Люк целует ее горло, и Адди пытается подавить дрожь.
– Неужели это так плохо, – спрашивает он, скользя губами по ее подбородку, – когда тобой наслаждаются? – Дыхание обжигает ей ухо. – Когда тебя вкушают?
Люк опускает рот на ее губы, тот тоже словно создан для нее.
Адди так и не поймет, кто кого поцеловал первым – она его или он ее, – кто начал поцелуй и кто на него ответил. Знает одно – между ними была дистанция, и она исчезла. Разумеется, Адди и раньше представляла, как целует Люка, еще в ту пору, когда он был порождением ее разума, и потом, когда он стал собой. Но в воображении Люк всегда целовал ее, будто забирал законную добычу в конце концов именно так он целовал Адди в ночь сделки – до крови на губах. Адди думала, что такими и останутся его ласки.
Однако Люк целует ее так, словно дегустирует яд.
Осторожно, вопрошающе, почти боязливо.
И только когда она отвечает, Люк углубляет ласку, скользя зубами по нижней губе, прижимаясь к Адди всем жарким телом.
На вкус он как ночной воздух, пьянящий запахом летних гроз, с легким оттенком древесного дыма, костра, что затухает в ночи. Он пахнет лесом и почему-то, к ее удивлению, домом.
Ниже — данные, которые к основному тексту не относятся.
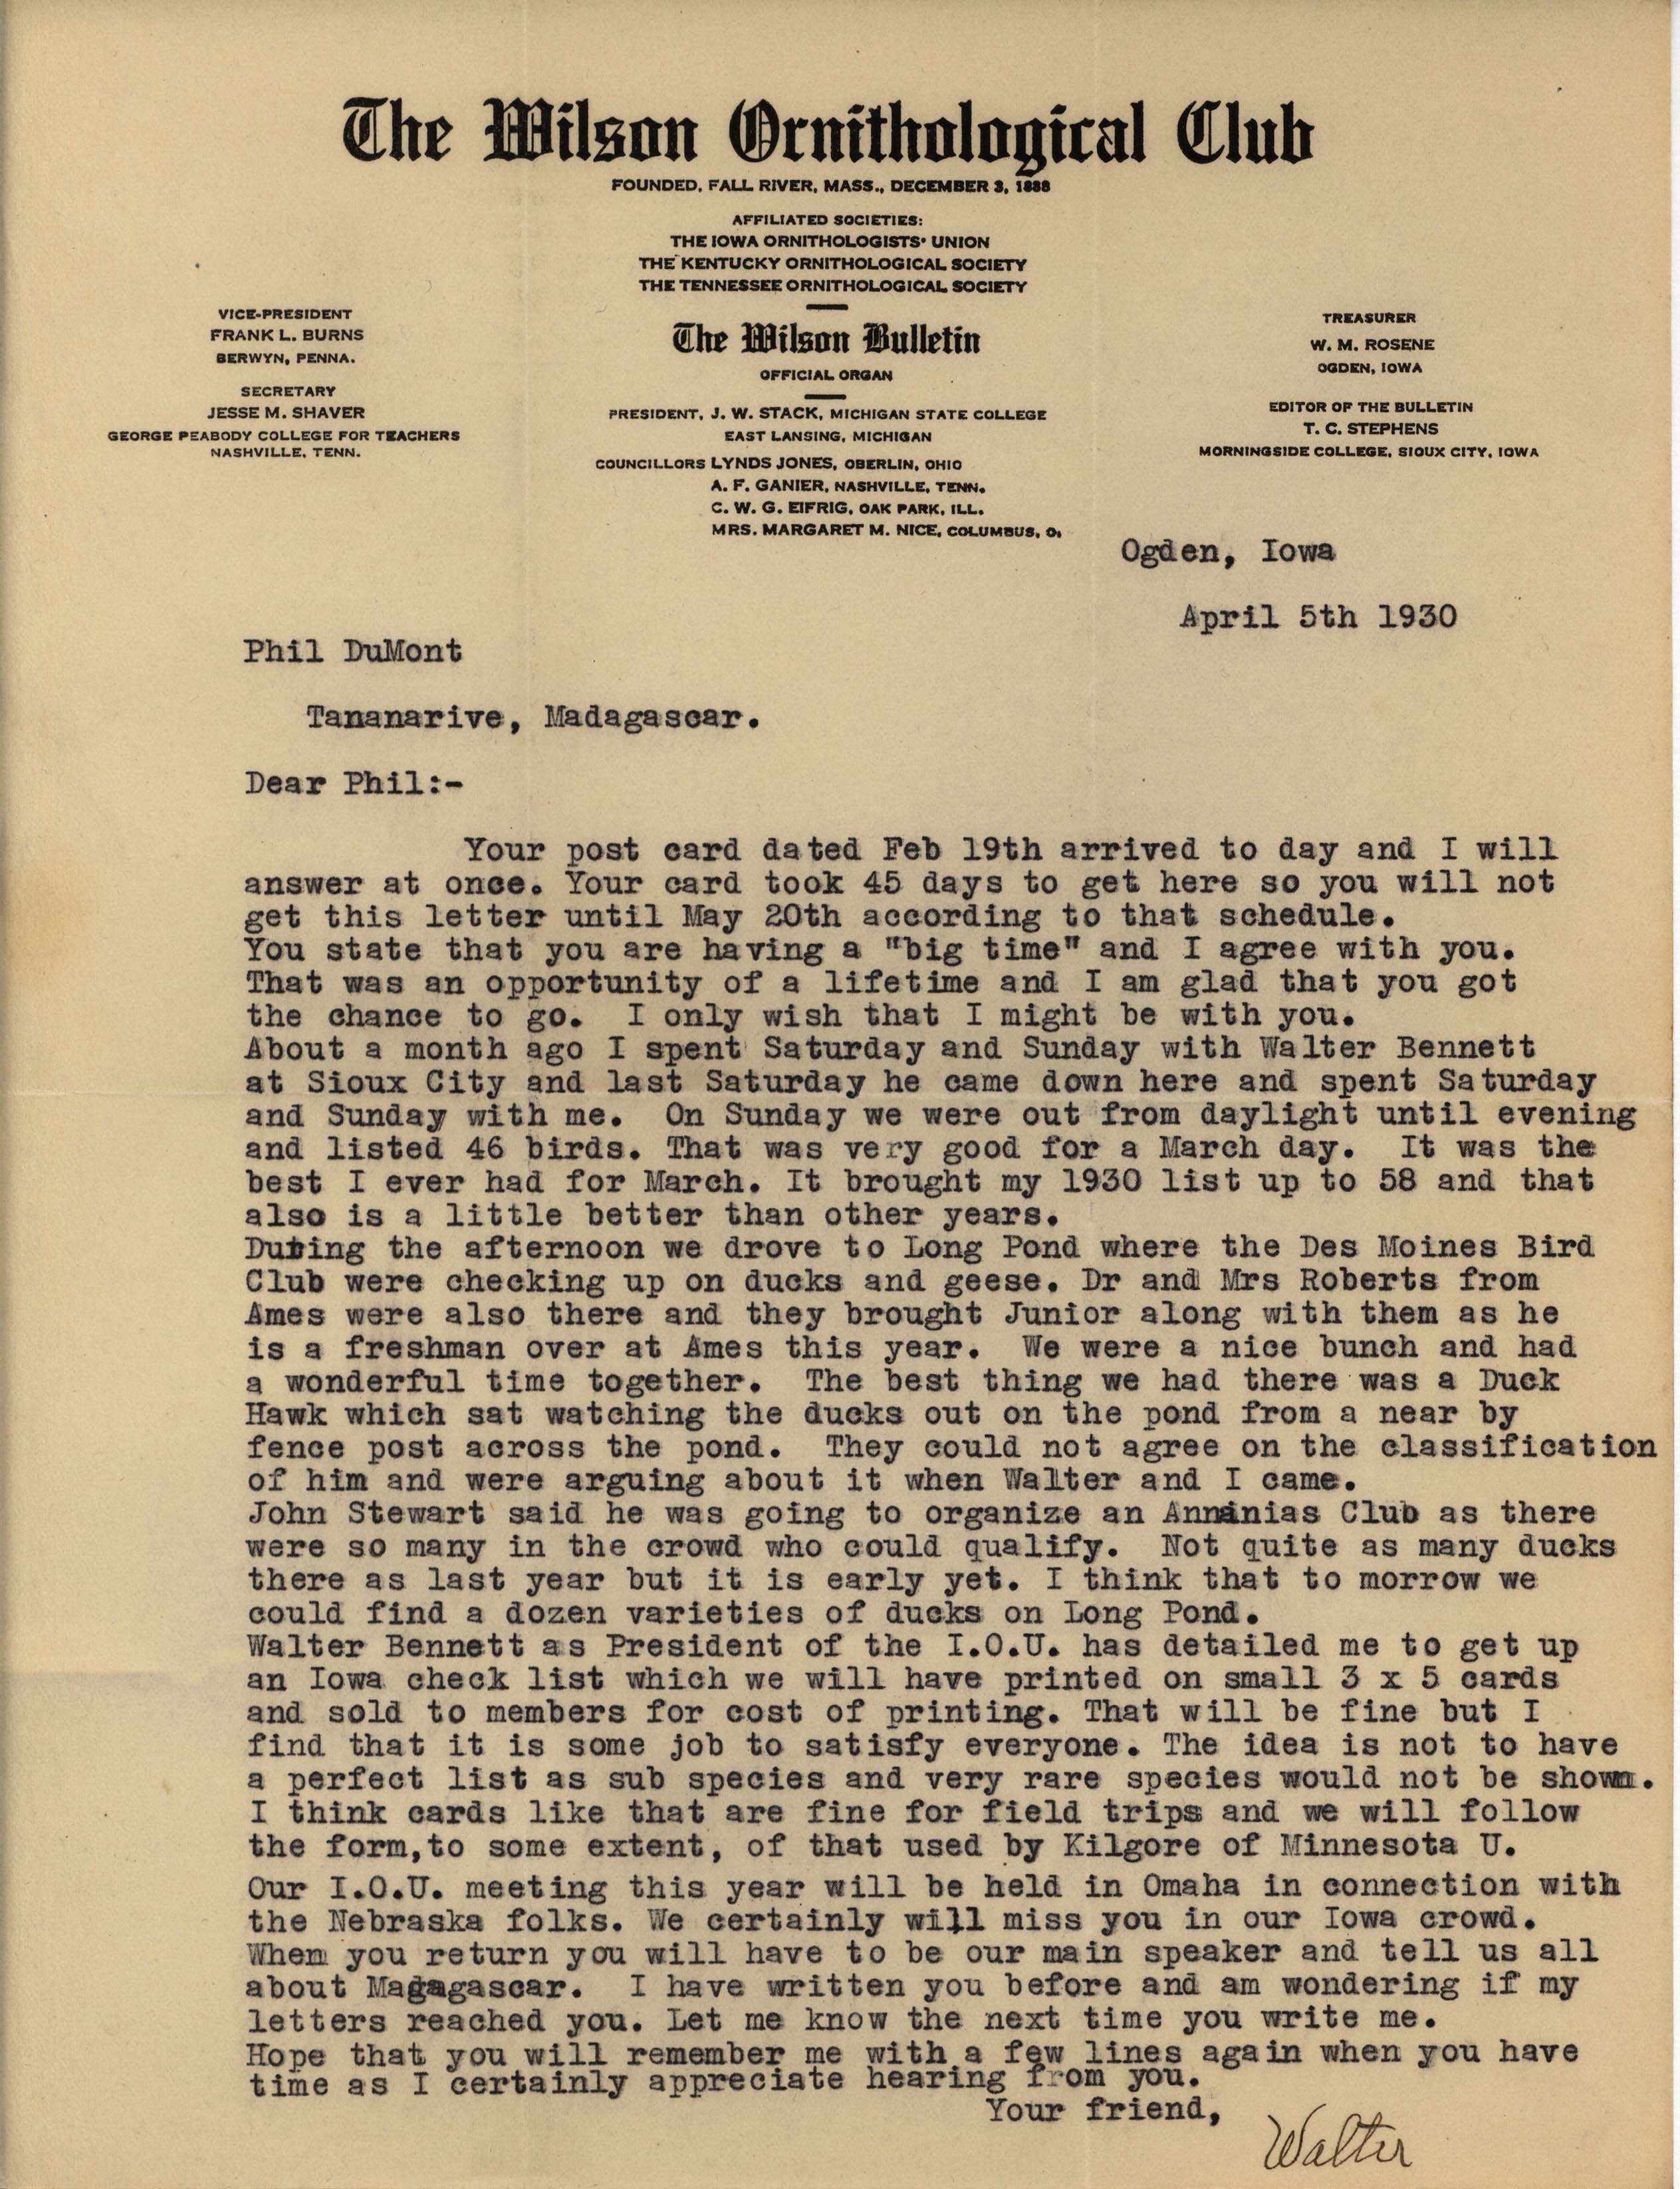 Walter Rosene letter to Philip DuMont regarding recent bird outings, April 5, 1930
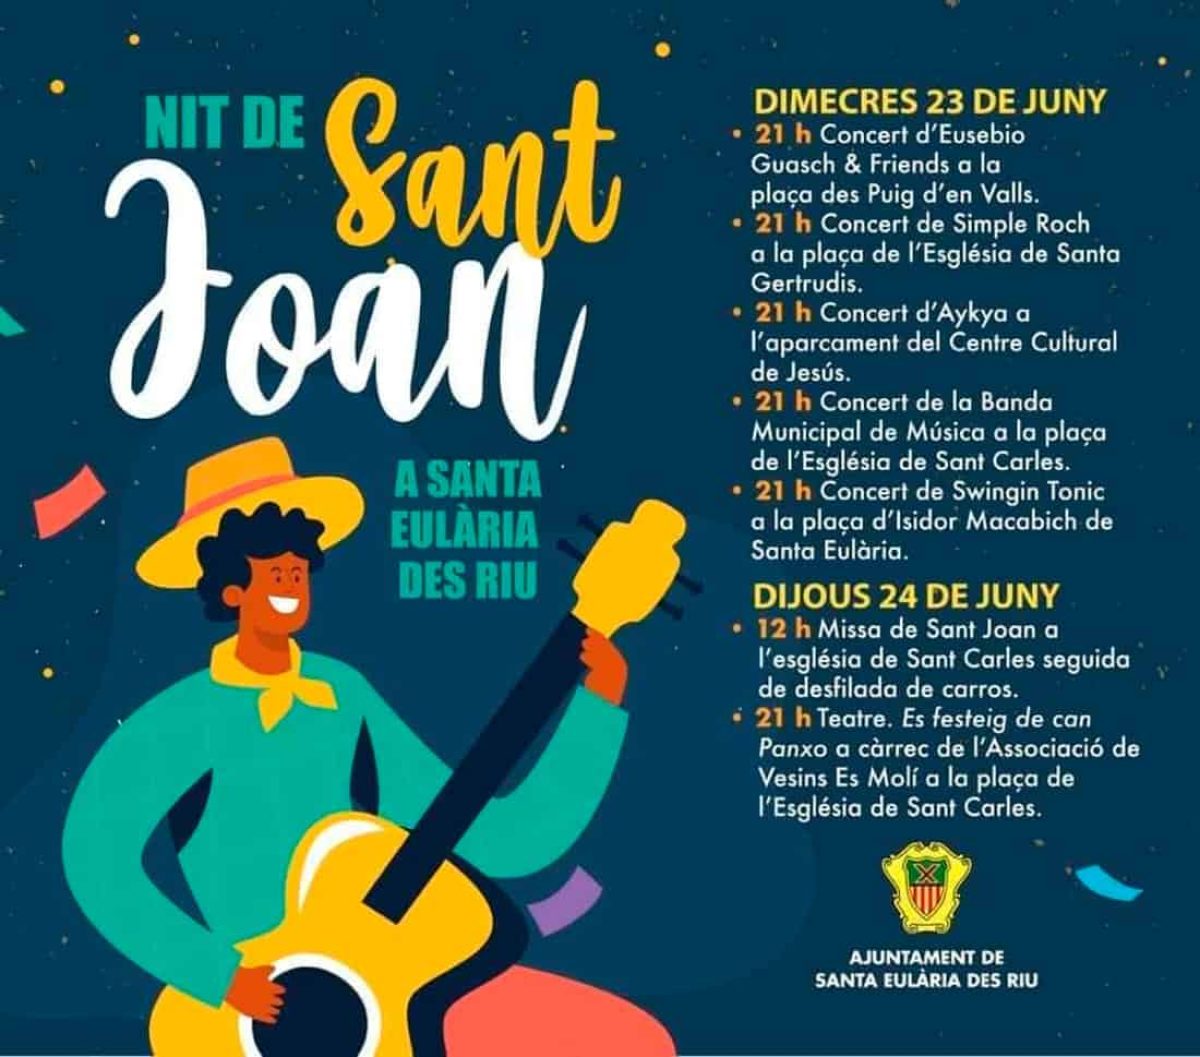 nacht-von-san-juan-nit-de-sant-joan-santa-eulalia-ibiza-2021-welcometoibiza

И внезапно вокруг нее – вокруг них – смыкается тьма, и «Цикада Клаб» исчезает. Негромкую музыку и голос певца сметает давящая пустота, резкий порыв ветра, колотящийся в ушах пульс. Адди, сделав единственный шаг назад, падает в вечность, а потом ее ноги нащупывают гладкий мраморный пол комнаты в отеле. Люк стискивает ее, толкает вперед, и она послушно откидывается на ближайшую стену, увлекая его за собой.